2.1 Continuum Approach

Since the aim of semiconductor processing is the modification of the wafer surface, an appropriate model to describe the solid body is required. The natural way is an atomistic description, where the process is simulated using cellular automata or Monte Carlo techniques [13,33,47,78,118]. These atomistic approaches are able to predict characteristics as a microstructure or as surface roughness. However, the atomistic treatment is computationally very intensive and is therefore limited to small structures.

If the main concern is the prediction of the final shape of the structure, and not the microscopic properties, and if the typical structure sizes are much larger than the typical lattice constant, the solid body can be described as a continuum. The continuum approach mathematically represents the solid body as a region ${\mathcal{M}}\in\mathbb{R}^{D}$ with the surface ${\mathcal{S}}=\partial{\mathcal{M}}$ as its boundary.
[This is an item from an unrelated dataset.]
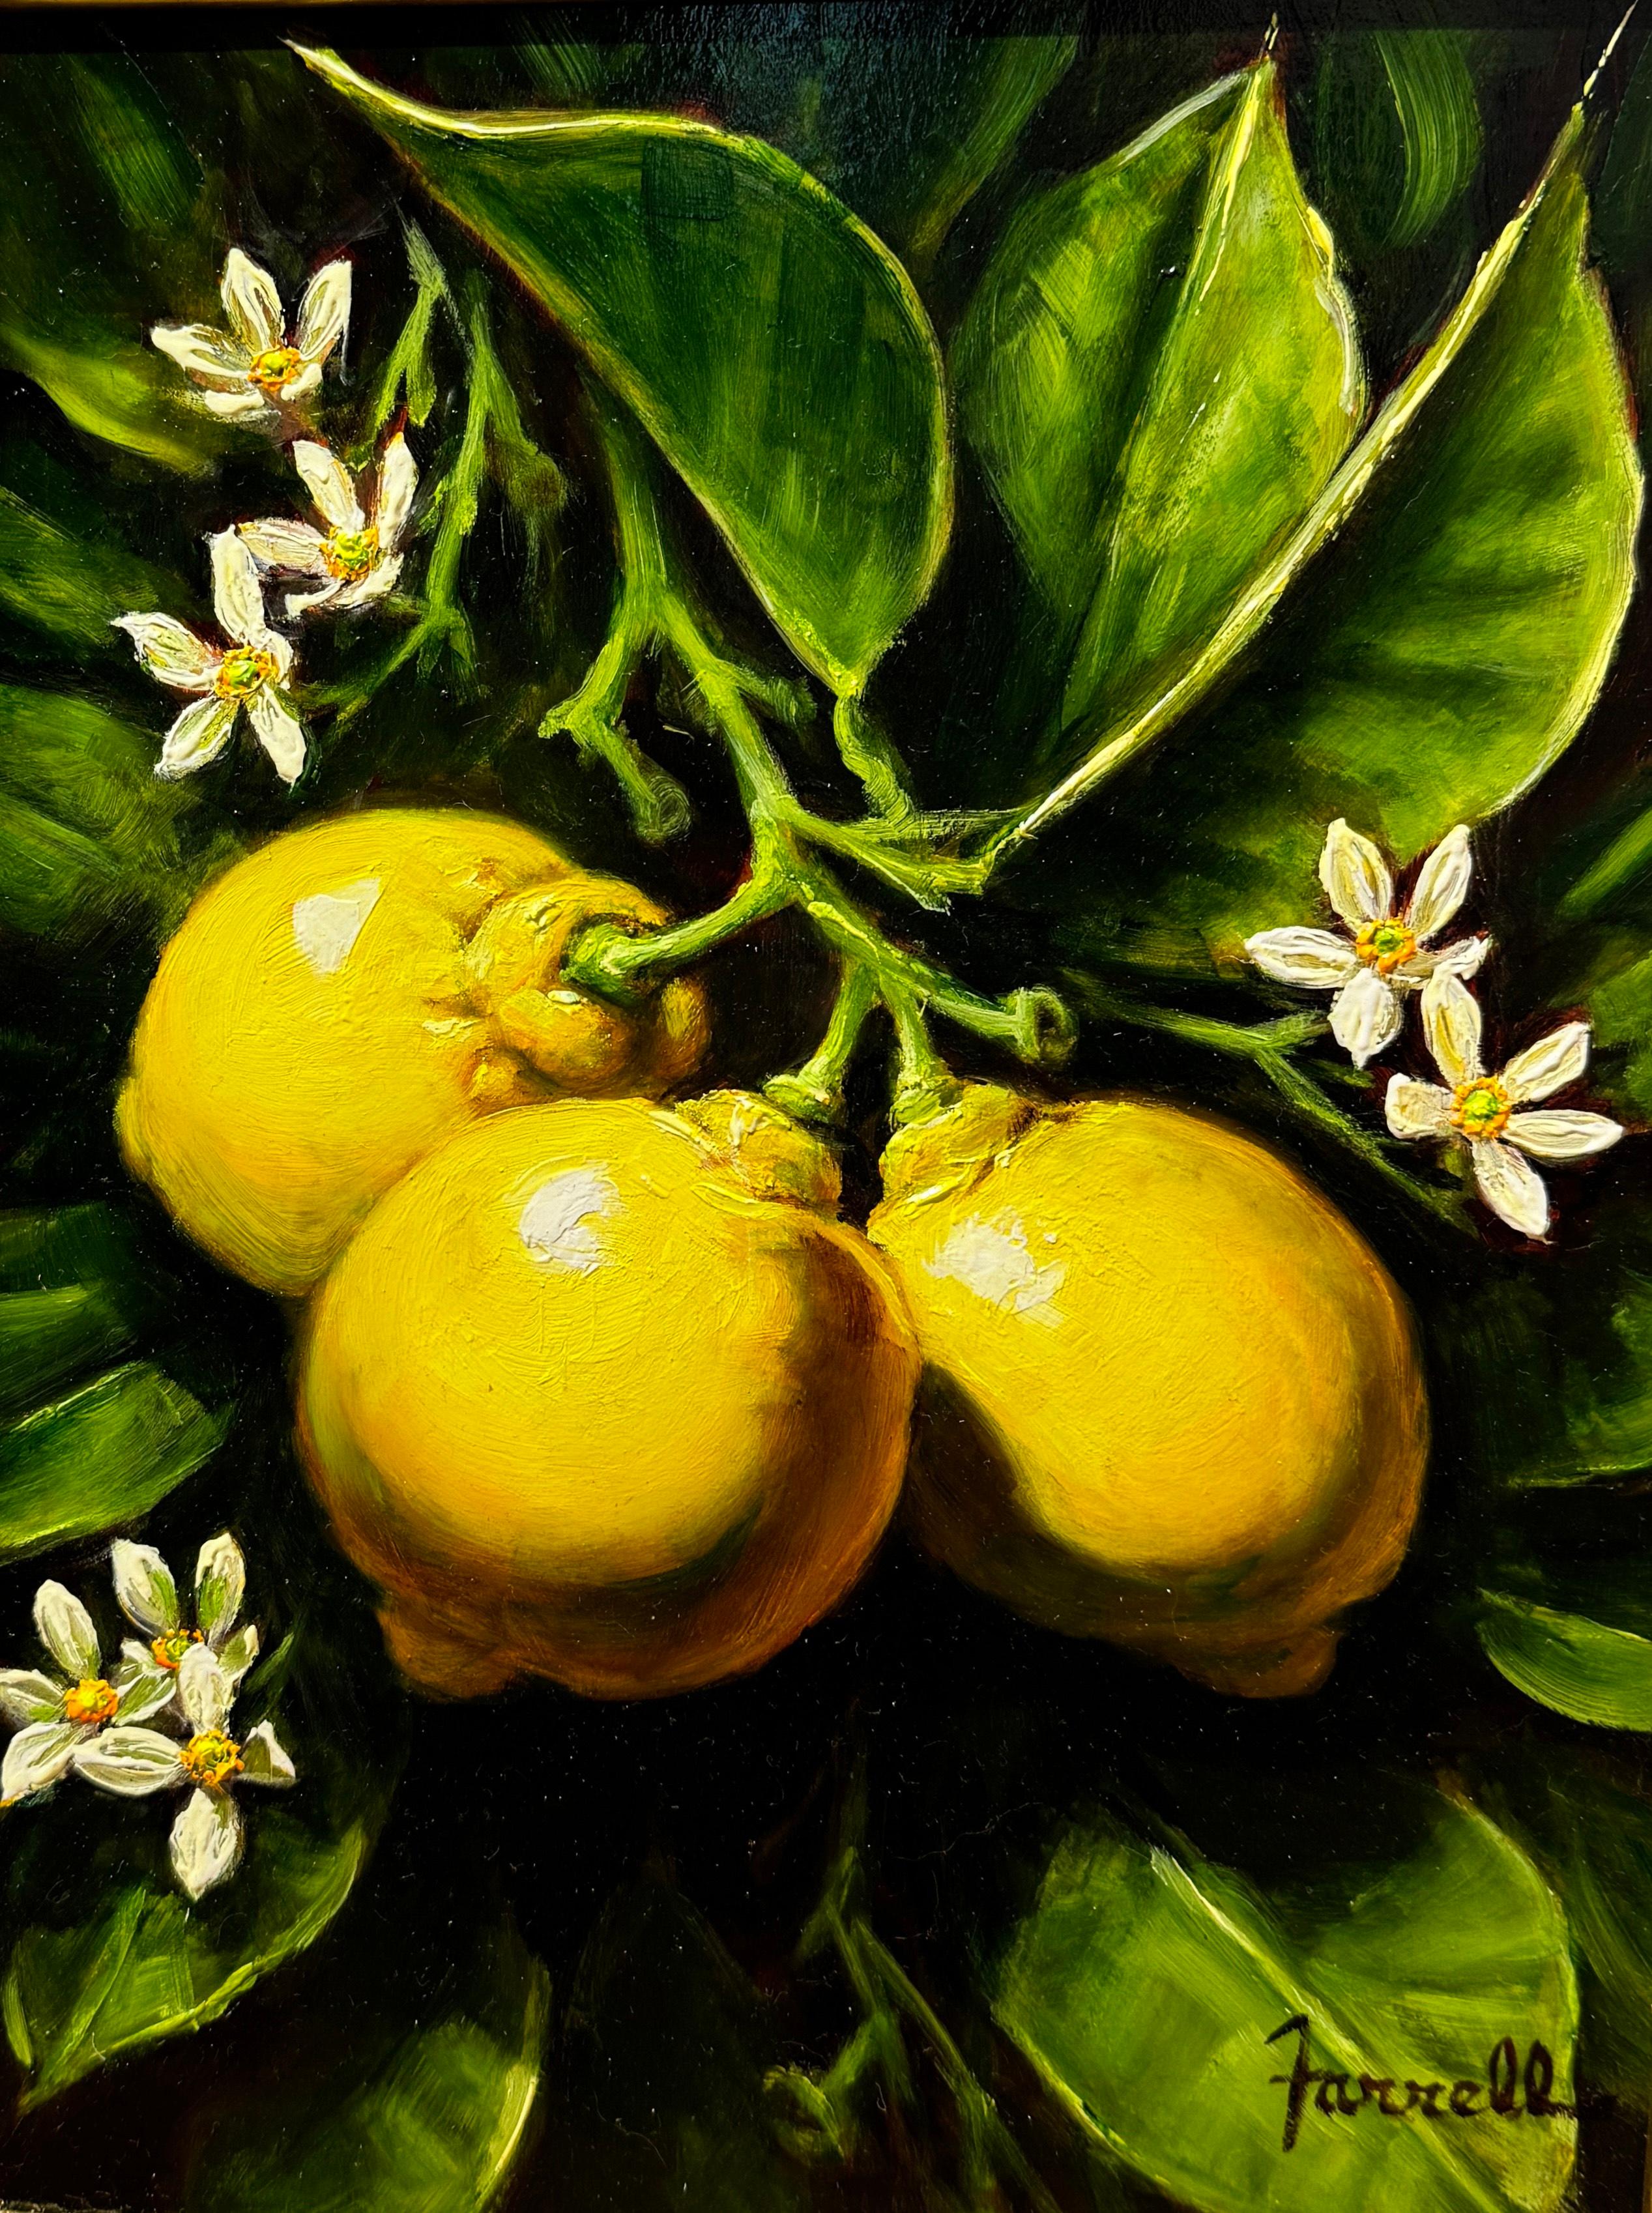 "Sweet Lemon Blossoms", ist ein 12x9 Ölgemälde auf Karton des Künstlers Sean Farrell. Es handelt sich um ein Arrangement von drei Zitronen, die noch am Stiel mit ihren Blättern hängen. Die sanften organischen Kurven der Blätter sorgen für Bewegung

Here ${D}$ is the number of dimensions. Material deposition or removal is simply described by moving the interface ${\mathcal {S}}$ with respect to the deposition or removal rates on the surface.

Subsequent process steps often result in a multi-layer structure consisting of different material types. A common assumption within the continuum approach is that process relevant properties are homogeneous within each material region. Furthermore, the transition between two material layers is assumed to be abrupt. Hence, the entire geometry ${\mathcal{M}}$ can be described by ${M}$ disjoint material regions ${\mathcal{M}}_i$ which fulfill

$${\mathcal{M}}=\bigcup_{i=1}^{{M}}{\mathcal{M}}_i \quad {\mathcal{M}}_i\cap{\mathcal{M}}_j=\emptyset \ \ i\neq j.$$ (2.1)

As a consequence, knowing the surface and the interfaces between the different material regions is sufficient to describe the different material regions.